Senior Yemeni leaders abducted by Houthi militias

Followers of the Houthi movement raise their rifles as they shout slogans against the Saudi-led air strikes in Sanaa.

Followers of the Houthi movement raise their rifles as they shout slogans against the Saudi-led air strikes in Sanaa.


Yemeni Houthi militias, making an aggressive bid for power in the impoverished Gulf state, arrested more than a hundred members from a rival Islamist Sunni political party, including two leaders, the party said in a statement Sunday.

The Islah party, the Muslim Brotherhood’s branch in Yemen and a traditional power player in Yemen, had declared its support for the Saudi-led coalition bombing campaign against the rebels and their allies. The Houthis have been joined by security forces loyal to deposed leader Ali Abdullah Saleh – whose loyalists control elite forces and large combat units in Yemen’s military.

The Saudi-led campaign in its 11th day aims to thwart the advances of the rebels, who took over the capital Sanaa in September and eventually forced President Abdrabbu Mansour Hadi to flee to Aden, Yemen‘s second largest city in the south, after putting him under house arrest. The combined force of Houthis and Saleh loyalists is seeking to tighten their hold on this nation of 25 million on Saudi Arabia’s southern border.
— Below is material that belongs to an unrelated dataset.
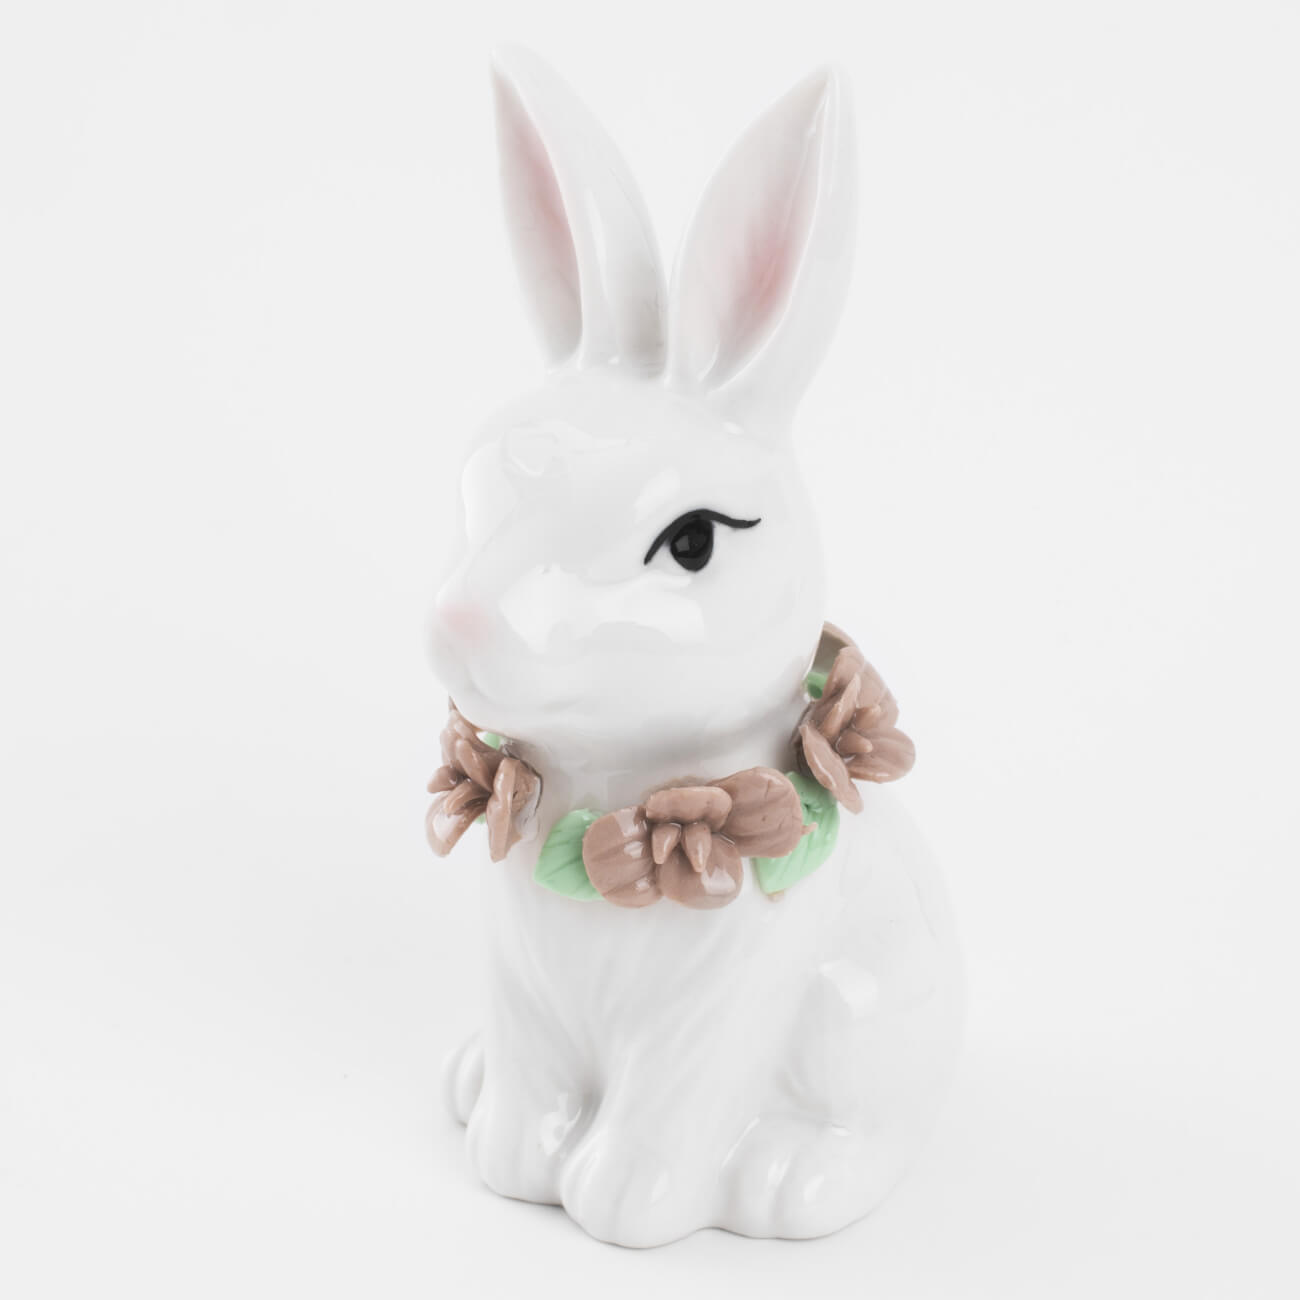 статуэтка с подсветкой 13 см фарфор p белая кролик с ами easter Статуэтка, 12 см, фарфор P, белая, Кролик в цветах, Easter blooming

The overnight arrest campaign rounded up leading members of the Islah party, Mohammed Qahtan and Hassan al-Yaeri, along with more than 120 others, the group said in a statement on its website.

Targeted

Coalition officials accuse the Houthis of hiding among civilians. Saudi military spokesman Ahmed Asiri said during Sunday’s briefing that jets targeted weapons and convoy supplies of Houthi militias heading toward Aden in the last 24 hours.

Meanwhile, fierce fighting in Aden continued between the Houthis and allied forces and popular committees loyal to Hadi. The rebels are making a push on the neighborhood in Aden that houses the presidential palace and the local television station.

Critics of the Houthis allege that the rebels are proxies for regional Shiite powerhouse Iran. Tehran has supplied the rebels with some logistical aid and supplies, but strongly denies any military support.

Al-Qaeda in the Arabian Peninsula, considered among the most active and dangerous branch of global militant organization, has benefited from Yemen’s political crisis. On Thursday, al-Qaeda militants overran Mukalla, a major port city in southern Yemen and the provincial capital of the country’s largest province, Hadramawt, seizing government buildings and freeing inmates from a prison, including a top militant leader.

The militants consolidated their hold on the city on Friday, capturing its port and a major army base, facing little resistance from the soldiers who fled.